• [What the exercise asks] The entries below should be set down again exactly, with every picture left out.
☆ ☆ ☆
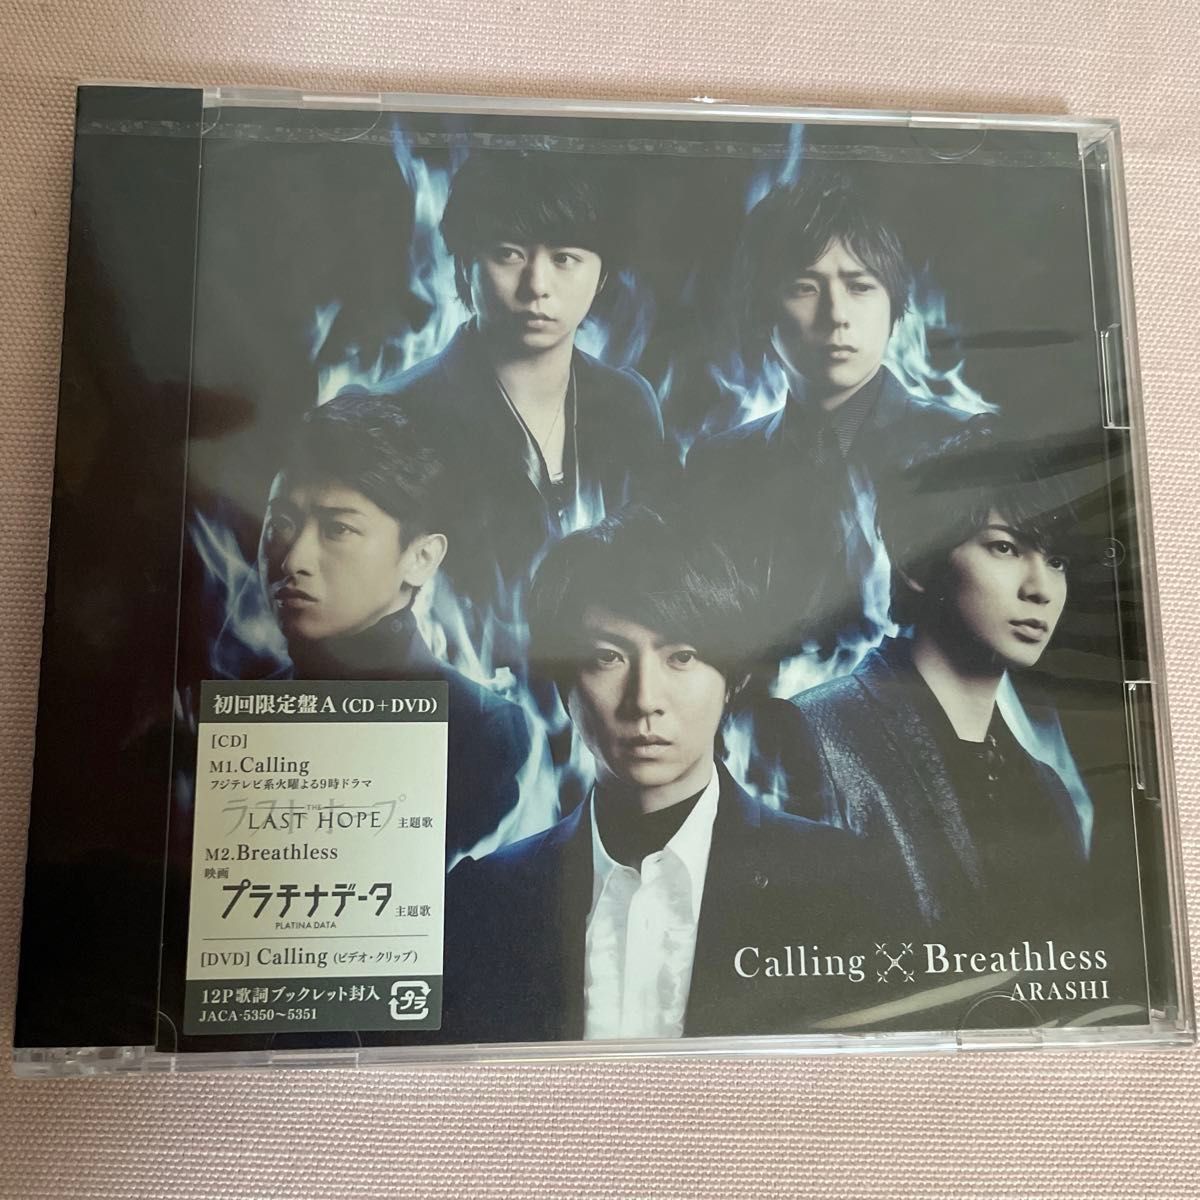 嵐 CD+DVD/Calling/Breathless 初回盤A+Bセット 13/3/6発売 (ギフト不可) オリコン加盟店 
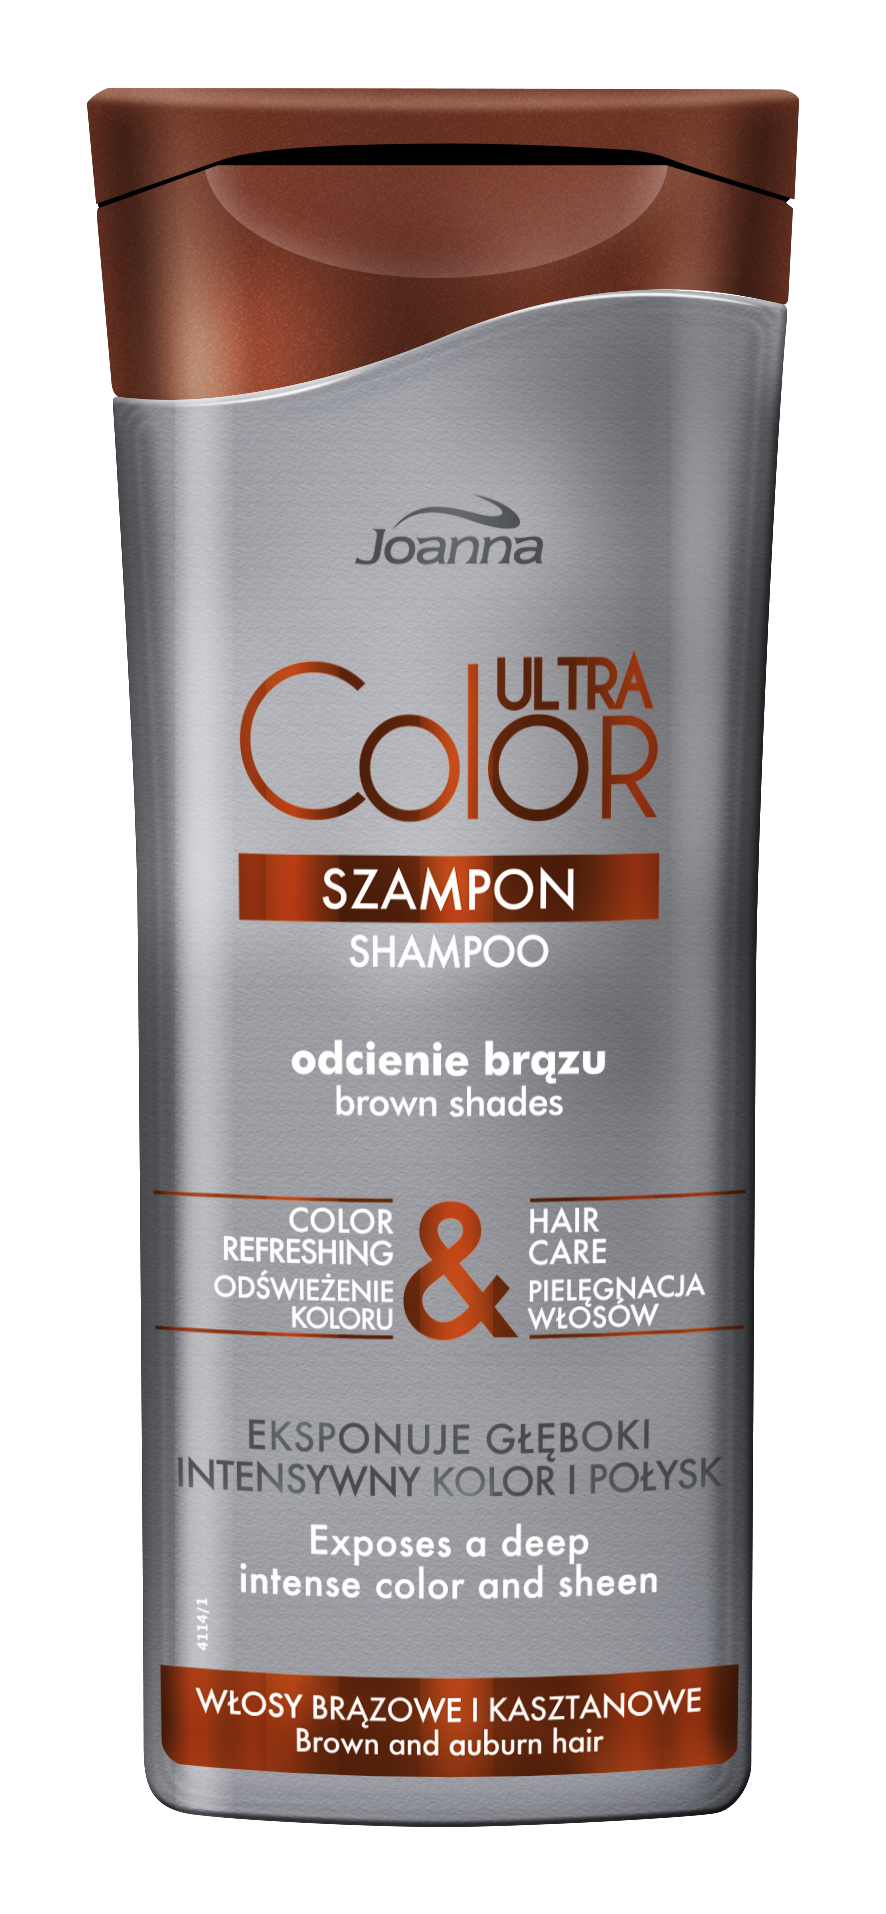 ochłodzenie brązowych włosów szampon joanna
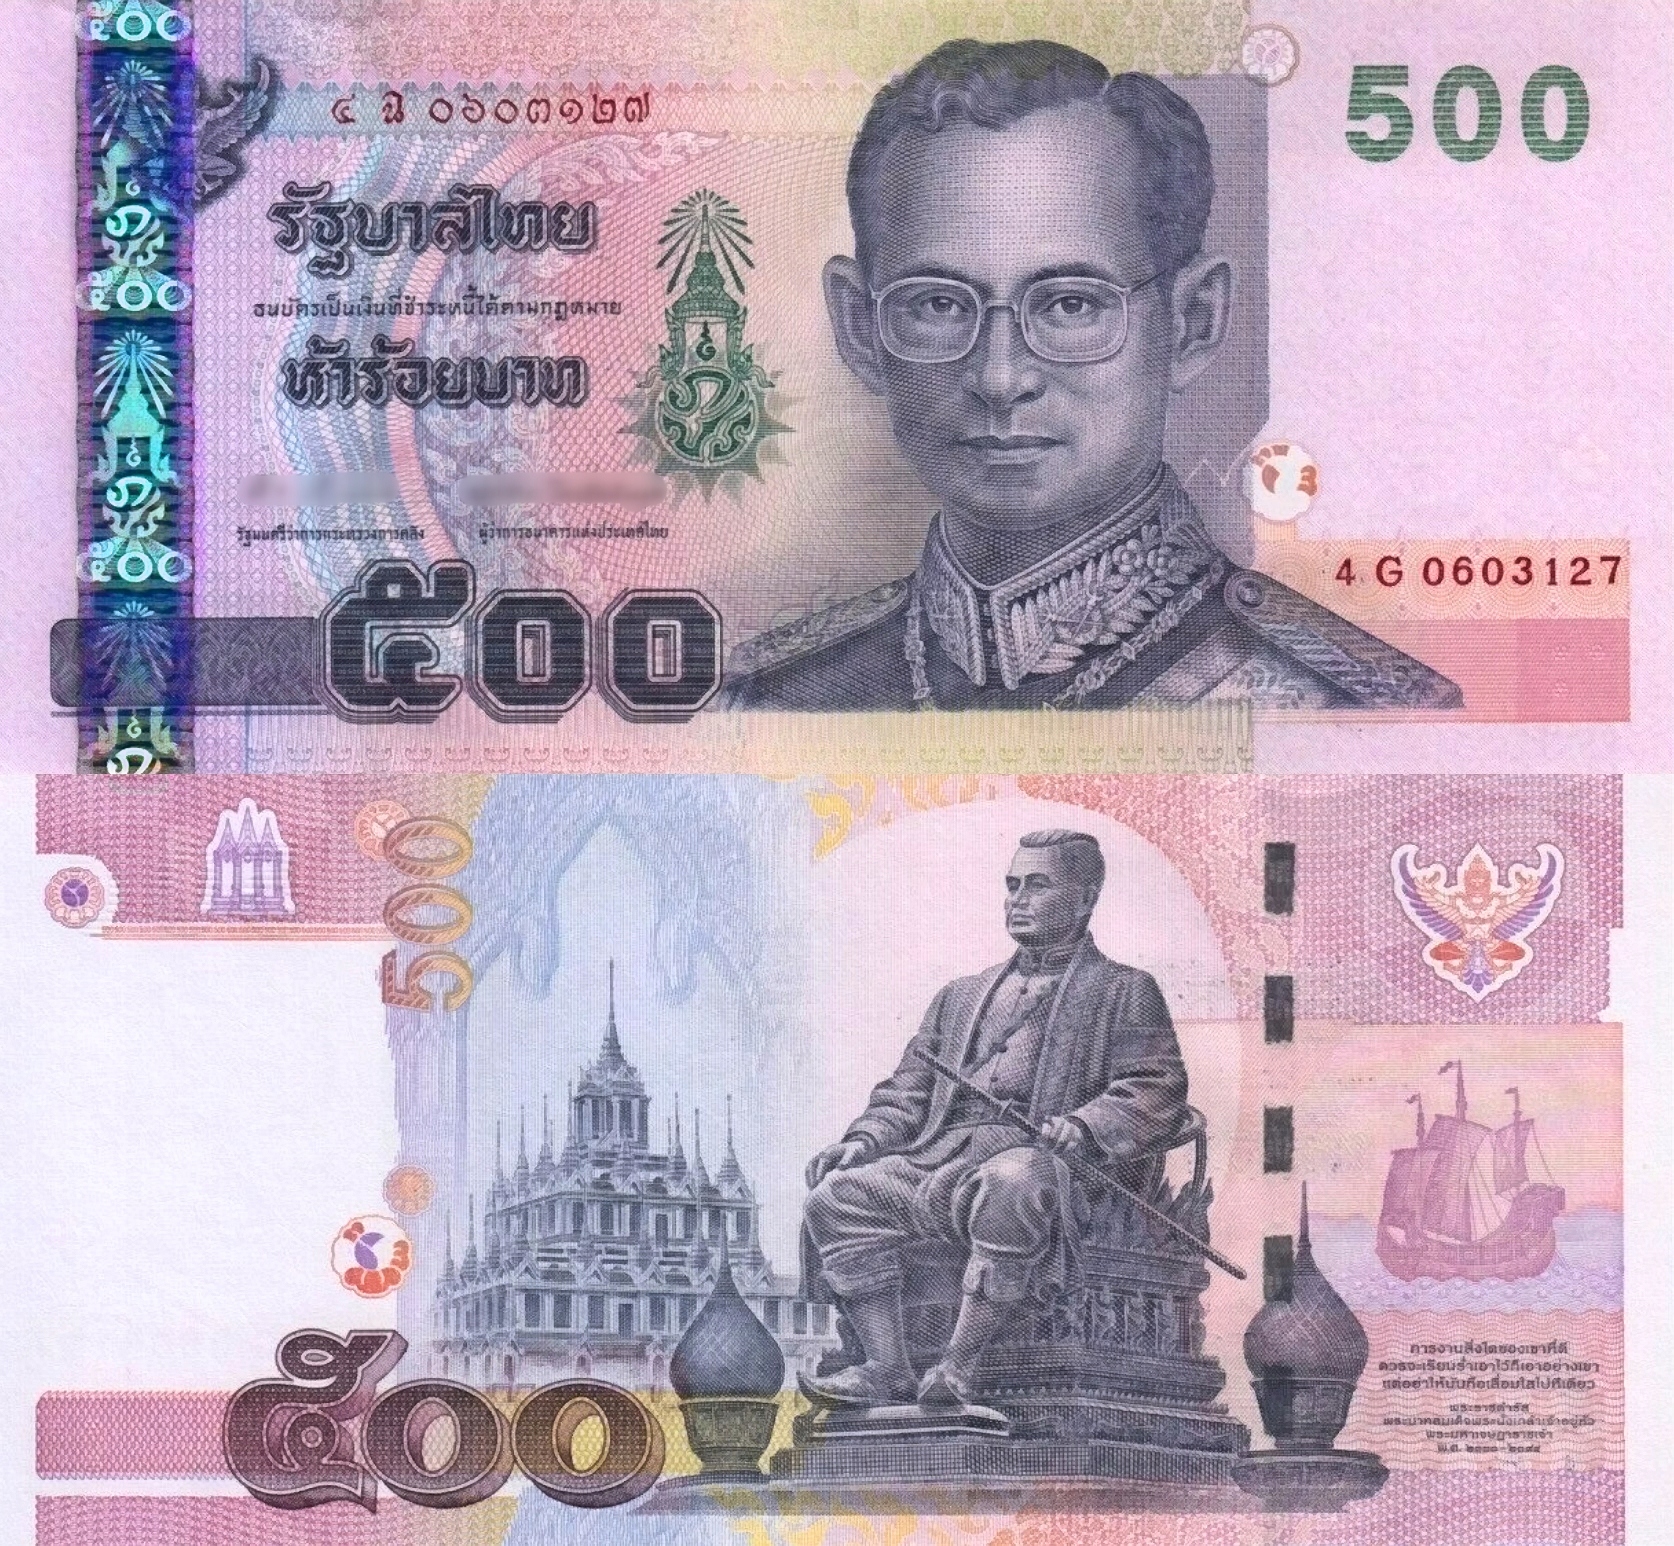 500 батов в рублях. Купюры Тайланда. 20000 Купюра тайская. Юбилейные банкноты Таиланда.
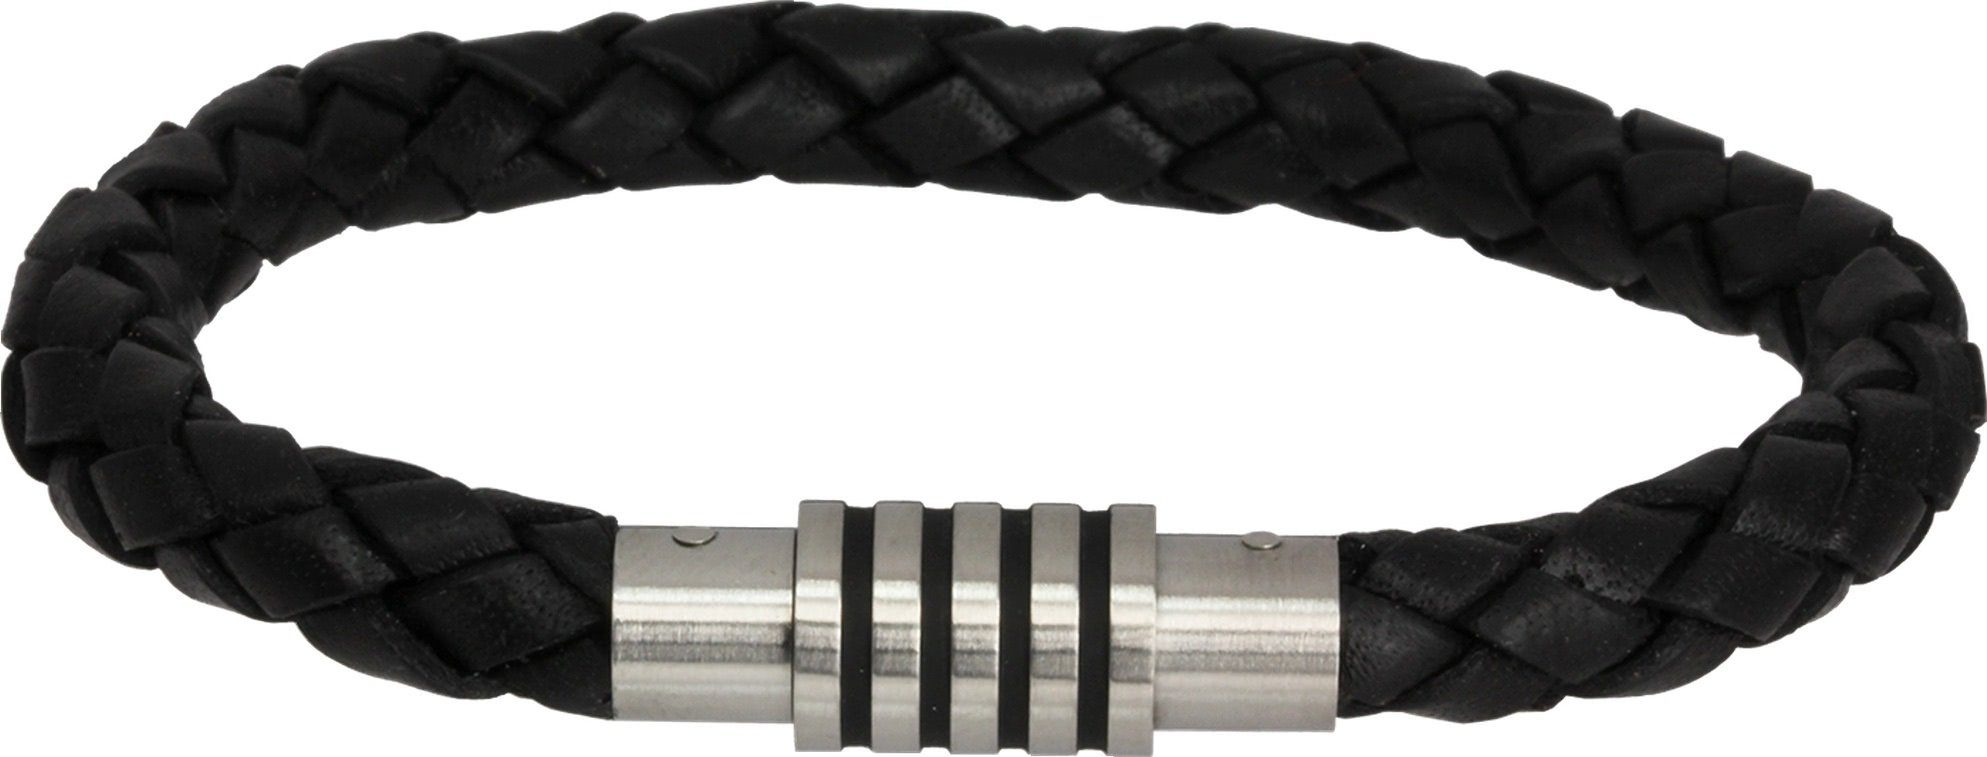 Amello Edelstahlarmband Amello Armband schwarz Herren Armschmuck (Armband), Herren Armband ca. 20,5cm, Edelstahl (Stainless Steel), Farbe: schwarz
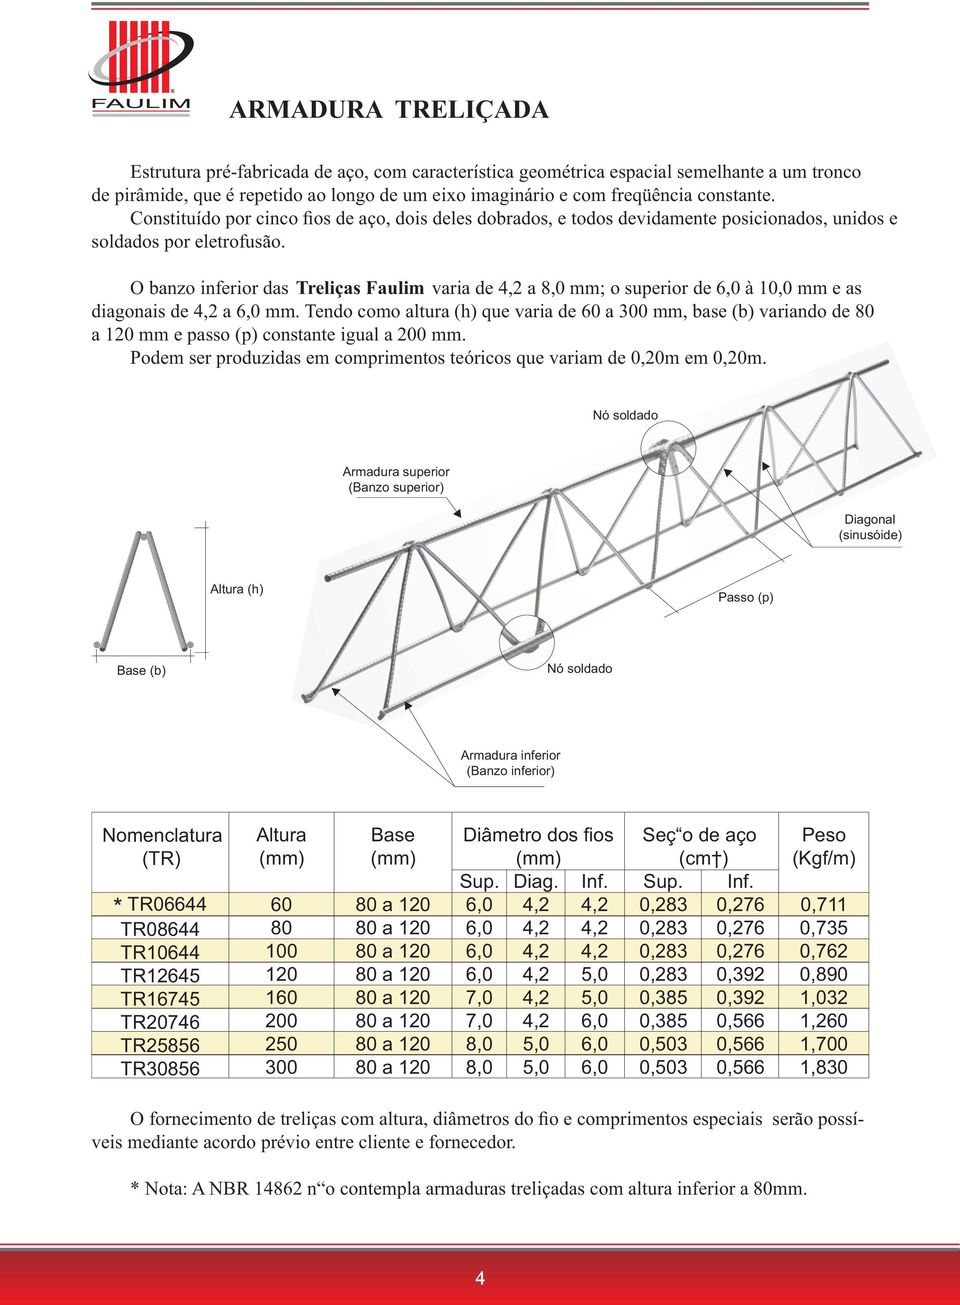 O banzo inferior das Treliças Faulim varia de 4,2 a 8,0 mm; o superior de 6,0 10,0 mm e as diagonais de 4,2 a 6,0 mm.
☆ ☆ ☆
• [Finished task]
 嵐 CD+DVD/Calling/Breathless 初回盤A+Bセット 13/3/6発売 (ギフト不可) オリコン加盟店 
 ochłodzenie brązowych włosów szampon joanna
 500 батов в рублях. Купюры Тайланда. 20000 Купюра тайская. Юбилейные банкноты Таиланда.
 Amello Edelstahlarmband Amello Armband schwarz Herren Armschmuck (Armband), Herren Armband ca. 20,5cm, Edelstahl (Stainless Steel), Farbe: schwarz
 O banzo inferior das Treliças Faulim varia de 4,2 a 8,0 mm; o superior de 6,0 10,0 mm e as diagonais de 4,2 a 6,0 mm.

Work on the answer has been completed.